This next step can takes 15+ minutes so we locally cache the data so it only has to be downloaded once.

%%time

os.makedirs('data', exist_ok=True)

for index, row in df_CMAR_datasets.iterrows():

    csvfile = f"data/{row['county']}.csv.gz"

    if os.path.exists(csvfile):
        continue

    print(f"Downloading {row['title']}...")
    e.dataset_id = row['datasetID']
    df = e.to_pandas()

    df.to_csv(csvfile, compression='gzip', index=False)
Downloading Shelburne County Water Quality Data...
CPU times: user 5.87 s, sys: 175 ms, total: 6.05 s
Wall time: 20.5 s

We now have the following .csv files stored locally:

!ls -lh data/
total 129M
-rw-r--r-- 1 jmunroe jmunroe 1.4M Aug 15 09:07 Annapolis.csv.gz
-rw-r--r-- 1 jmunroe jmunroe 4.9M Aug 15 09:08 Antigonish.csv.gz
-rw-r--r-- 1 jmunroe jmunroe 1.3M Aug 15 09:08 Colchester.csv.gz
-rw-r--r-- 1 jmunroe jmunroe 5.7M Aug 15 09:09 Digby.csv.gz
-rw-r--r-- 1 jmunroe jmunroe  45M Aug 15 09:16 Guysborough.csv.gz
-rw-r--r-- 1 jmunroe jmunroe 7.9M Aug 15 09:18 Halifax.csv.gz
-rw-r--r-- 1 jmunroe jmunroe 1.5M Aug 15 09:18 Inverness.csv.gz
-rw-r--r-- 1 jmunroe jmunroe  17M Aug 15 09:21 Lunenburg.csv.gz
-rw-r--r-- 1 jmunroe jmunroe 2.0M Aug 15 09:22 Pictou.csv.gz
-rw-r--r-- 1 jmunroe jmunroe 2.9M Aug 15 09:23 Queens.csv.gz
-rw-r--r-- 1 jmunroe jmunroe 3.5M Aug 15 09:24 Richmond.csv.gz
-rw-r--r-- 1 jmunroe jmunroe 6.4M Oct  6 12:32 Shelburne.csv.gz
-rw-r--r-- 1 jmunroe jmunroe  15M Oct  5 22:28 ShelburneCounty.csv.gz
-rw-r--r-- 1 jmunroe jmunroe 8.1K Aug 15 09:25 Victoria.csv.gz
-rw-r--r-- 1 jmunroe jmunroe 8.3M Aug 15 09:28 Yarmouth.csv.gz
-rw-r--r-- 1 jmunroe jmunroe 6.8M Aug 15 11:26 ais_tempdata.csv.gz

Organize observations by physical location

We need to organize and sort the observations so that we are considering only the observation for a single sensor in temporal order.

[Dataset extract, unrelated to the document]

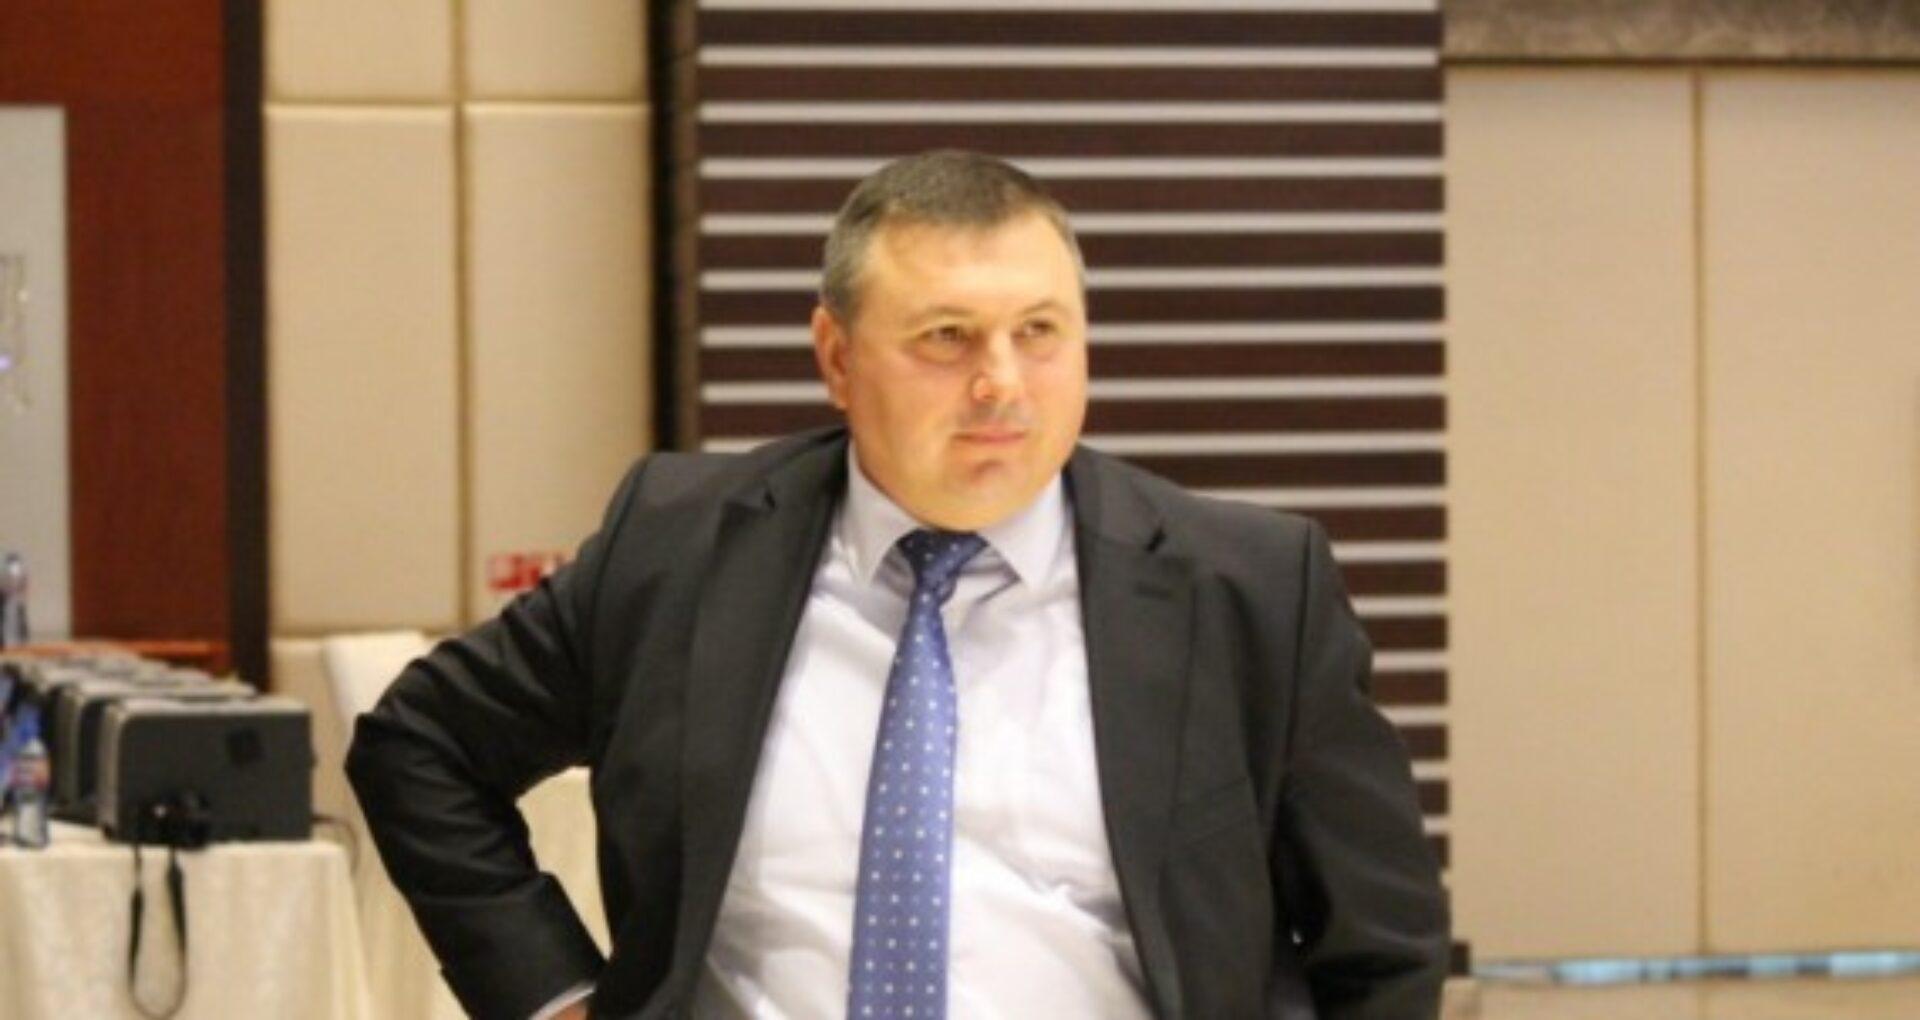 DOC/ Fostul președinte interimar al CSM a depus o sesizare la Consiliul de Integritate împotriva președintei ANI și a unui inspector de integritate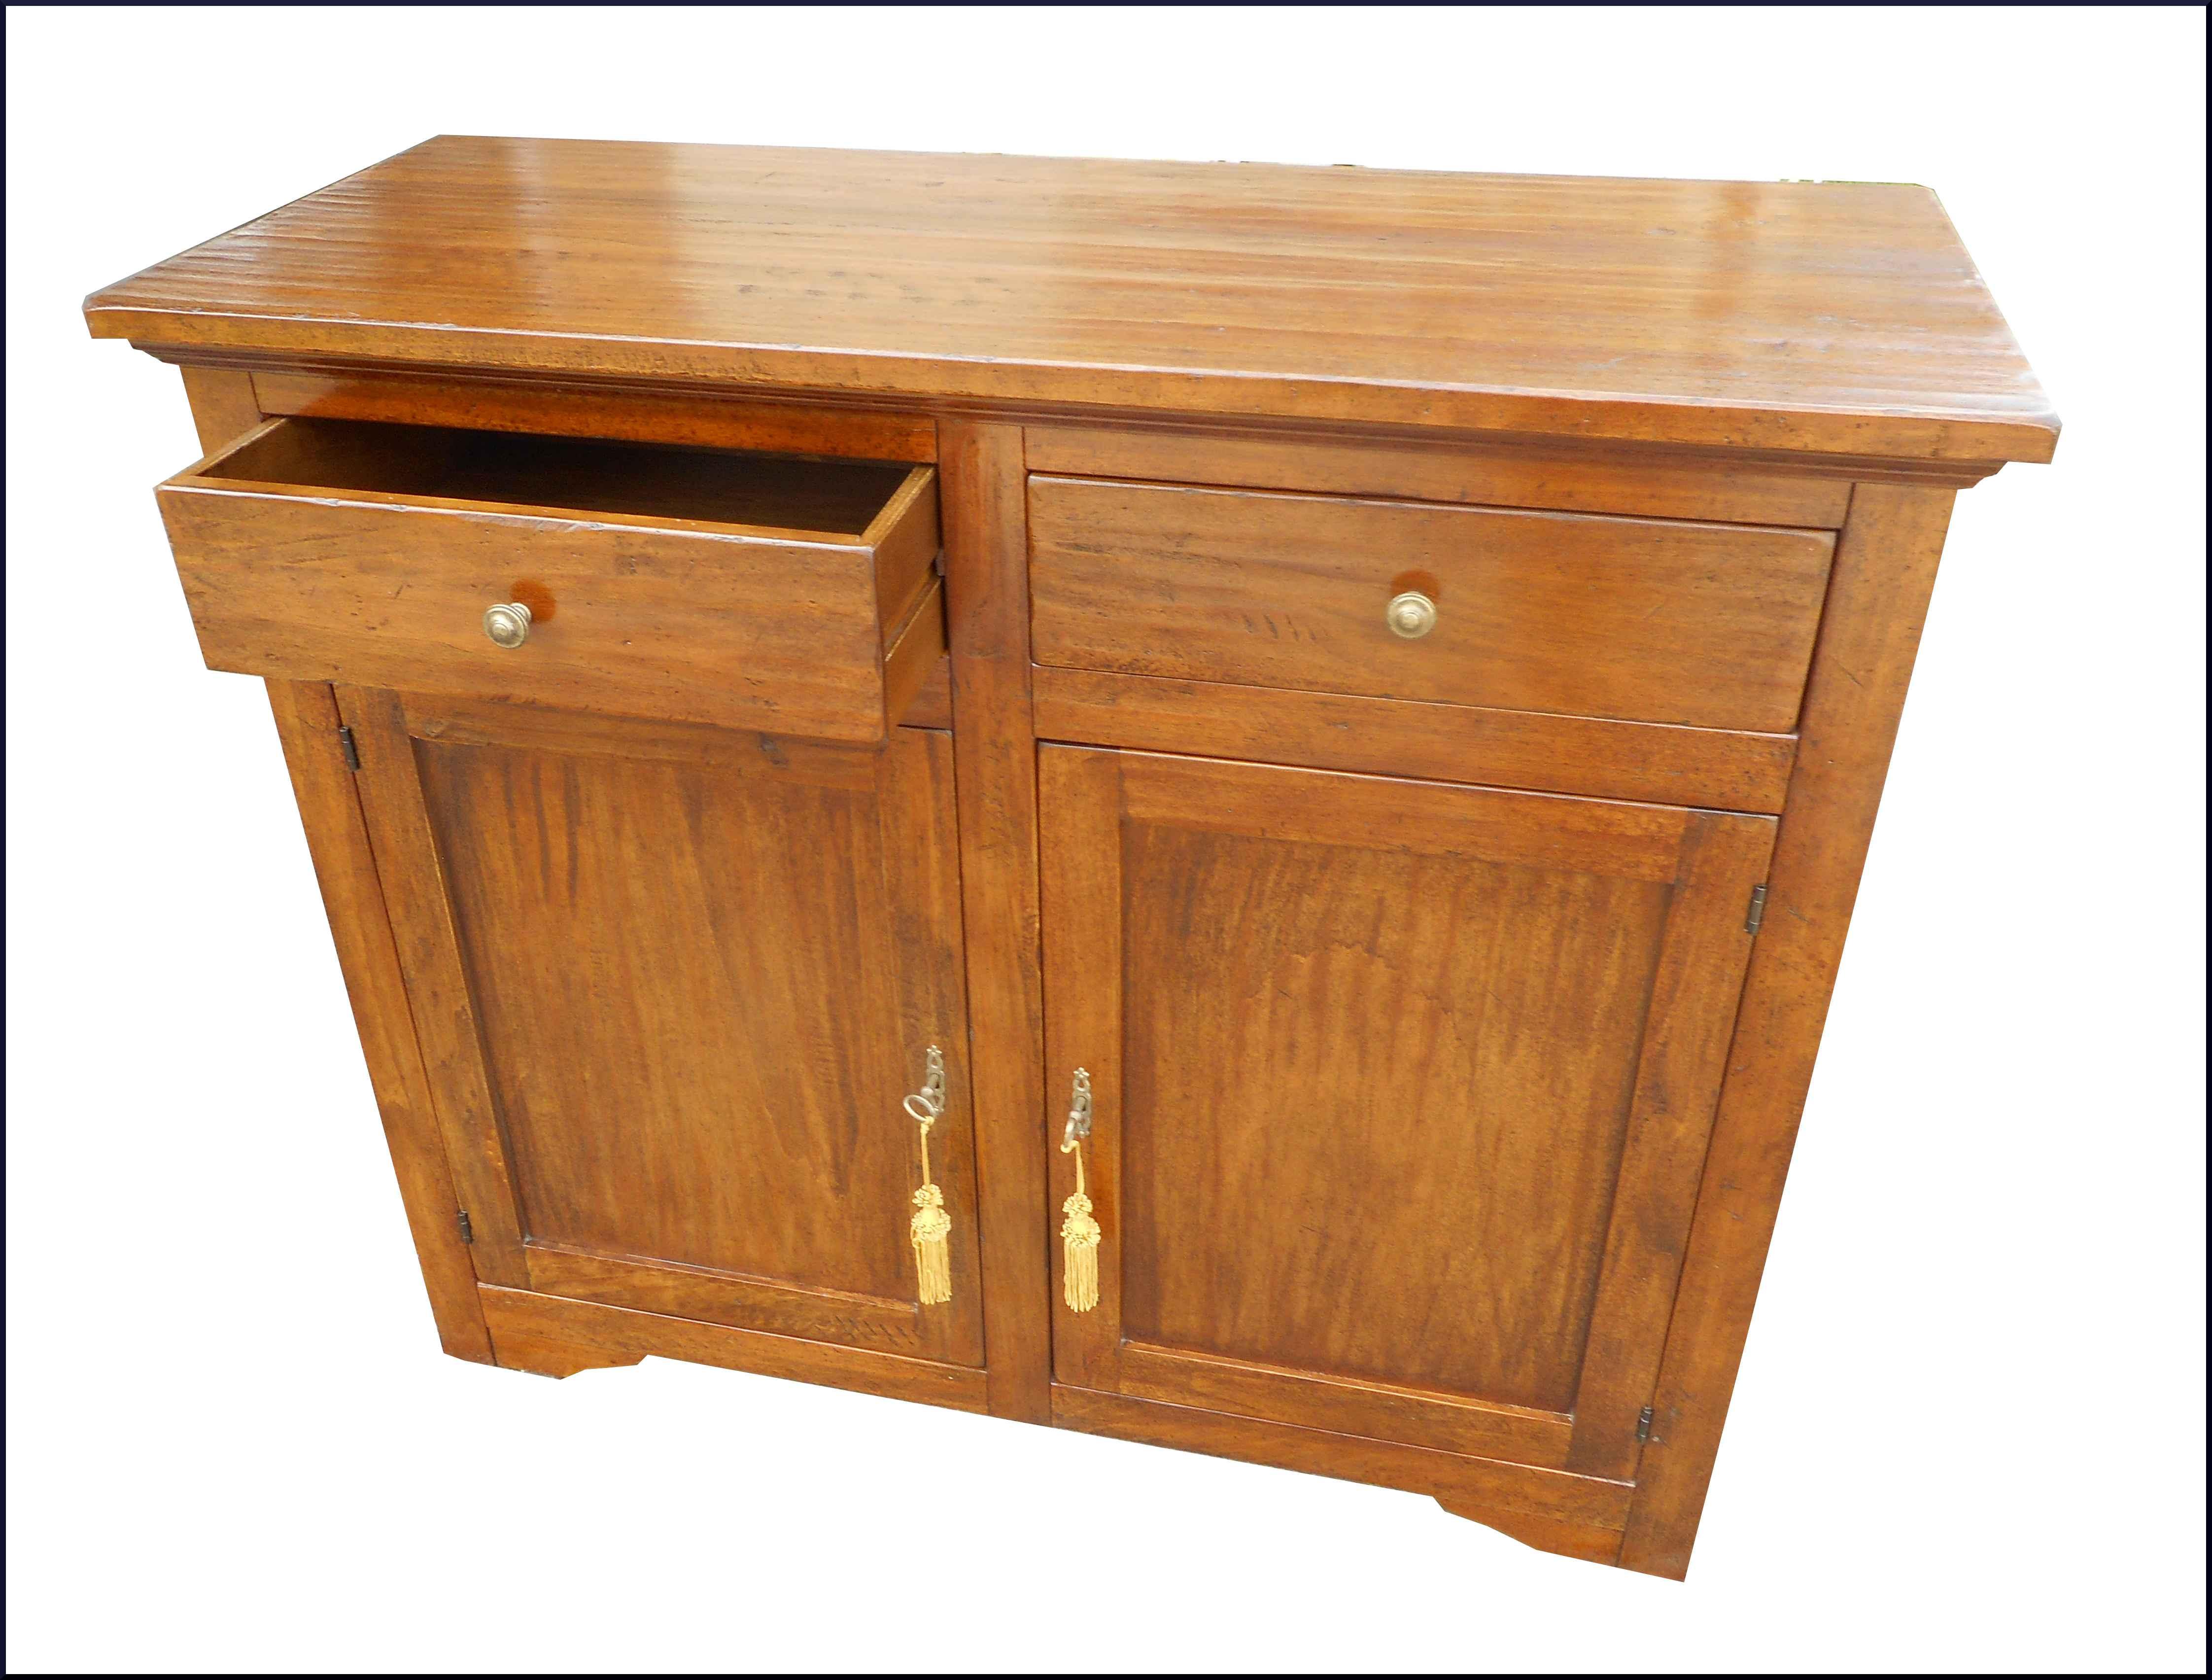 Credenza Rustica In Legno : Particolare credenza rustica in legno piallato e invecchiato con

This will remove all of the duplicated metadata within each .csv files.

os.makedirs('segments', exist_ok=True)

all_segment_metadata = []
for index, row in tqdm(list(df_CMAR_datasets.iterrows())):

    csvfile = f"data/{row['county']}.csv.gz"

    df = pd.read_csv(csvfile)

    df['deployment_start'] = df['deployment_start_date (UTC)'].str[:10]
    df['deployment_end'] = df['deployment_end_date (UTC)'].str[:10]
    df.drop(columns=['deployment_start_date (UTC)', 'deployment_end_date (UTC)'], inplace=True)
    
    df['segment'] = df[['waterbody', 'station', 'depth (m)',
                     'deployment_start', 'deployment_end',
                     ]].agg(lambda x: row['county'] + '_' + '_'.join([str(y) for y in x]), axis=1)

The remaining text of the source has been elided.